Superagent is an open-source safety SDK designed to protect AI agents from prompt injection attacks, data leakage, and malicious tool calls in production environments. Originally launched as Safety Agent before rebranding in early 2026, the project provides four core modules that work together as a defense-in-depth layer: Guard intercepts and blocks prompt injections and unsafe tool invocations, Redact automatically strips PII, PHI, and secrets from agent inputs and outputs, Scan analyzes GitHub repositories for AI-targeted supply chain attacks, and Test enables automated red-team evaluations of agent robustness.
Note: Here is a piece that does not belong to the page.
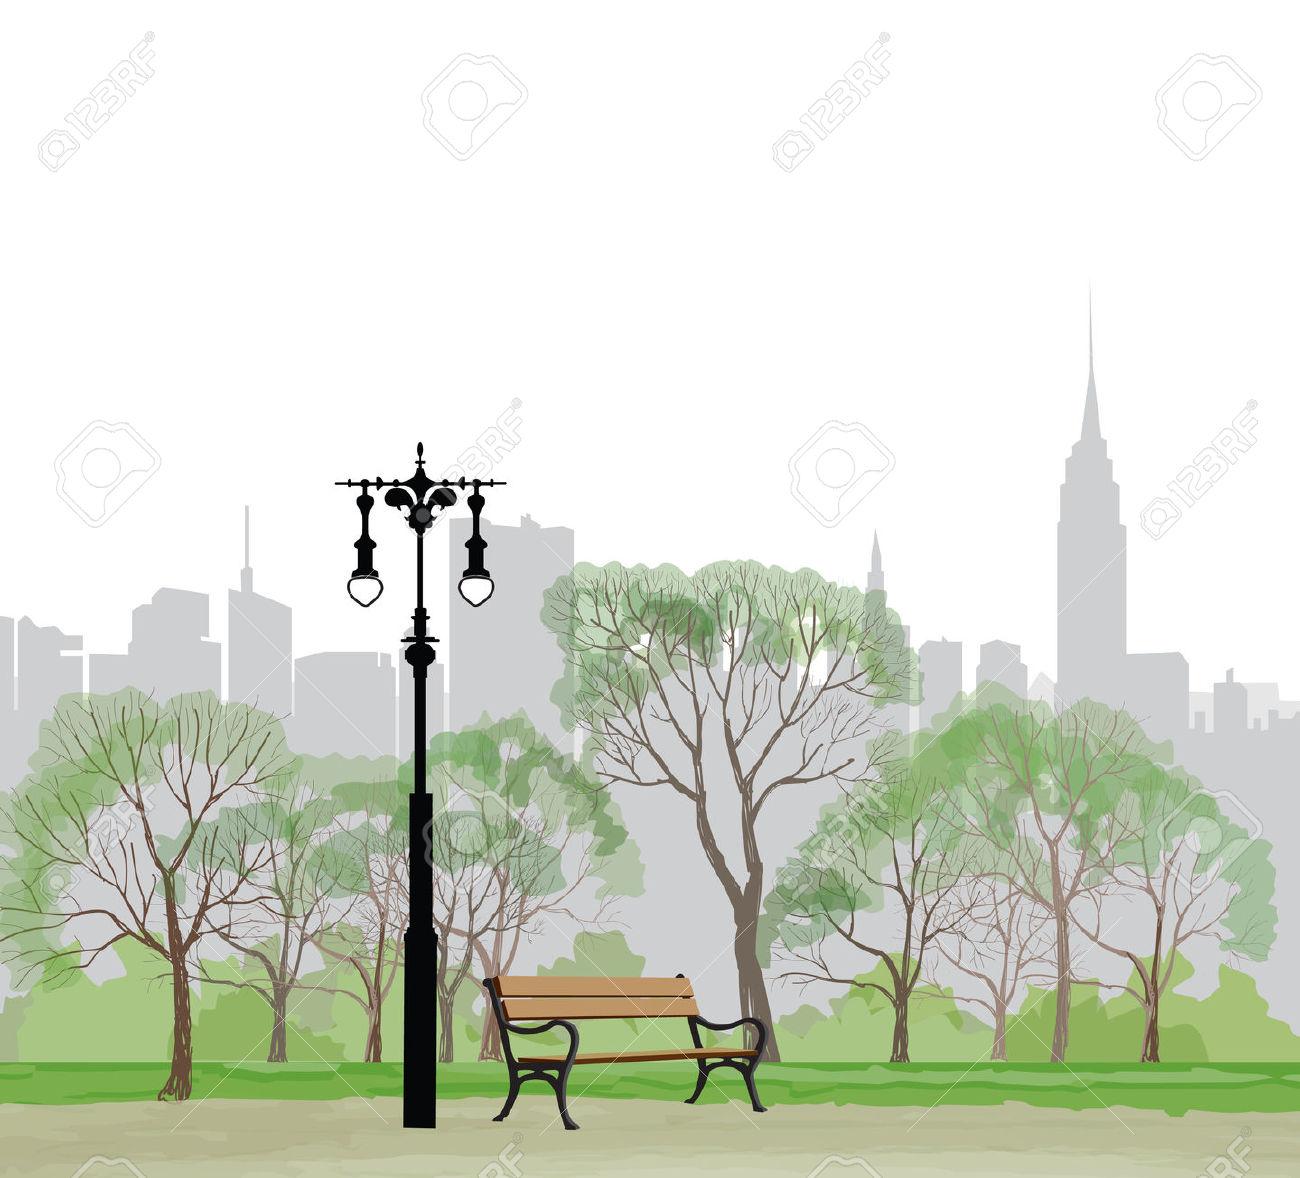 Central park clipart.

The SDK ships with open-weight guard models available on HuggingFace in three sizes from 0.6B to 4B parameters, enabling teams to choose between speed and accuracy based on their latency requirements. At the smallest model size, Guard processes requests in 50-100 milliseconds, making it viable for real-time protection without noticeable user impact. The framework integrates with any LLM provider including OpenAI, Anthropic, Google, Groq, and AWS Bedrock, requiring minimal code changes to add safety layers to existing agent architectures.
Backed by Y Combinator, Superagent has attracted 6,500 GitHub stars and provides TypeScript and Python SDKs alongside a CLI tool and MCP server integration. The MIT-licensed project addresses a growing need in the AI ecosystem as more teams deploy autonomous agents that interact with external tools, APIs, and user data. Its modular design means teams can adopt individual components like Guard or Redact independently before committing to the full safety stack.